Catalyzing collaboration, innovation & values driven leadership

About the Center

Operating Principles


The purpose of the Daniel Hanley Center for Health Leadership is to build a foundation of health care leaders that apply Dan Hanley's values to improve health and health care in Maine and beyond. The Center will convene many of the organizations Dan worked with to plan for the next generation of health care leaders in Maine. By agreeing on a shared vision for Maine's future health care leaders and sharing in a program that supports their development, we hope to build a culture of leadership that contributes to innovative, courageous and shared solutions to Maine's health care problems. The Center will advance this mission by: 1) clearly articulating a core set of leadership values, 2) by visibly recognizing examples of work accomplished with these values beginning with the annual Leadership Award and 3) through the annual Leadership Forum which brings together promising leaders from diverse organizations across Maine's health landscape to participate in a shared program of leadership development and problem solving.

Guiding Principles

There will be broad involvement of many individuals and organizations in shaping the vision. The development of the Center will be guided through a Board of Directors with representation from many of the organizations established by Dan Hanley. The Board of the Center will exercise efficient financial management to grow the value of the Center.


The purpose of the Center shall be achieved through the following objectives:

  1. To honor Dan Hanley and remember his accomplishments.

  2. To recognize similar courage and innovation in health care.

  3. To develop a foundation of leadership that recognizes the following values that made Dan Hanley's accomplishments possible: Inclusion & Collaboration, Courage, Hard Work, Innovation, Kindness, and Leadership.

Non-Profit Nature of Center

The Center is an account of the Maine Medical Education Trust and therefore shall abide by all relevant rules and regulations. No member, director, officer or employee of, or members of a committee of, or a person connected with the Corporation, or any other private individual shall receive at any time any of the net earnings or pecuniary profit from the operations of the Center, provided that this shall not prevent the payment to any such person of such reasonable compensation for services rendered to or for the Corporation and effecting any of its purposes or objectives as shall be fixed by the Board of Directors. No such person or persons shall be entitled to share in the distribution of any of the assets upon the dissolution and winding up of affairs of the Center, whether voluntary or involuntary, the assets of the Center, after all debts have been satisfied, then remaining in the hands of the Board of Directors, shall be distributed, transferred, conveyed and delivered and paid over in such amounts as the Board of Directors may determine or may be determined by a court of competent jurisdiction upon application of the Board of Directors, exclusively to charitable, religious, scientific, literary, or educational organizations which would then qualify under the provisions of Section 501C(3) of the Internal Revenue Code and its regulations as they now exist or as they may hereafter be amended.

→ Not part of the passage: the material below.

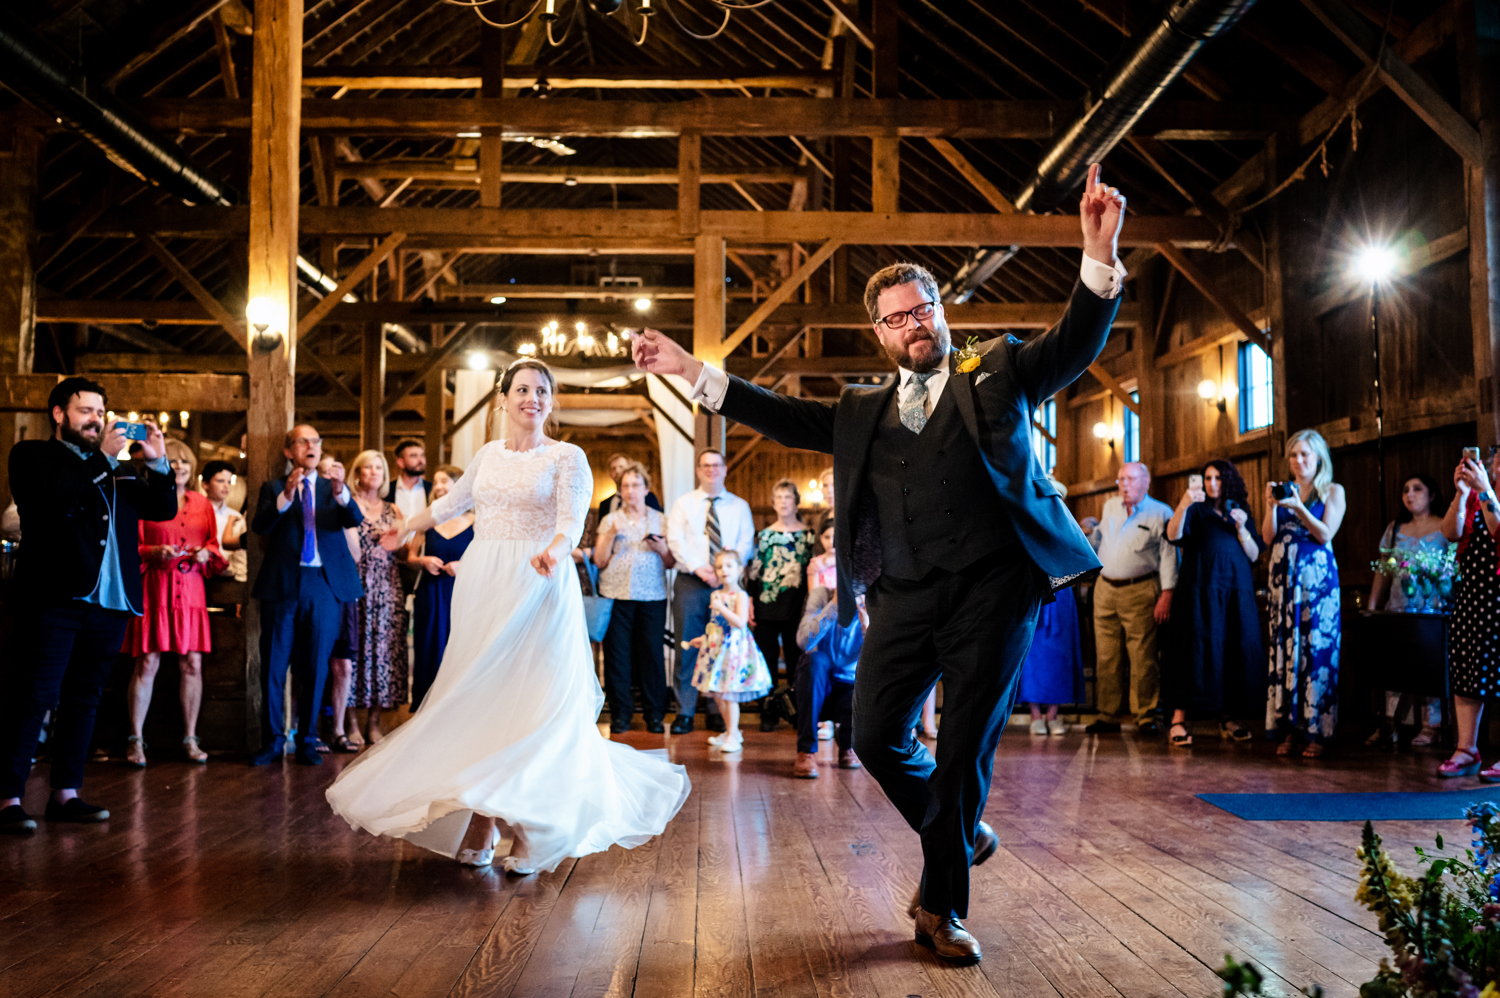 Anne and Jed dancing together in the barn space at their Vermont wedding

At present and until further amended, the Center shall have no members.

Board of Directors

Responsibilities: The Board of Directors shall be responsible for determining policies of the Center, shall be the governing body of the Center and shall have and shall exercise all of the rights and privileges legally held by the Center. The Board of Directors shall coordinate all legal and financial policies with the Maine Medical Education Trust.

Meetings: Meetings of the Board of Directors may be called by the Executive Director at the request of the Chair. Notice of said Board meeting shall be given at least 48 hours prior to the meeting.

Quorum: A simple majority of the voting Directors shall constitute a quorum, and a majority of those present, provided a quorum is present, shall be sufficient to transact business.

Attendance: Each Director shall attend all meetings of the Board of Directors and any two successive unexcused absences may result in a review of membership on the Board of Directors by the Chair. A voting representative of a Director may attend no more than one meeting per year.

Committees: The Board of Directors may authorize the appointment of committees, staff, and agents, not specified in the operating principles, as it deems appropriate, and assign to them such duties, as it may deem proper. Such persons shall be subject to the control of and may be removed by the Chair of the Board of Directors.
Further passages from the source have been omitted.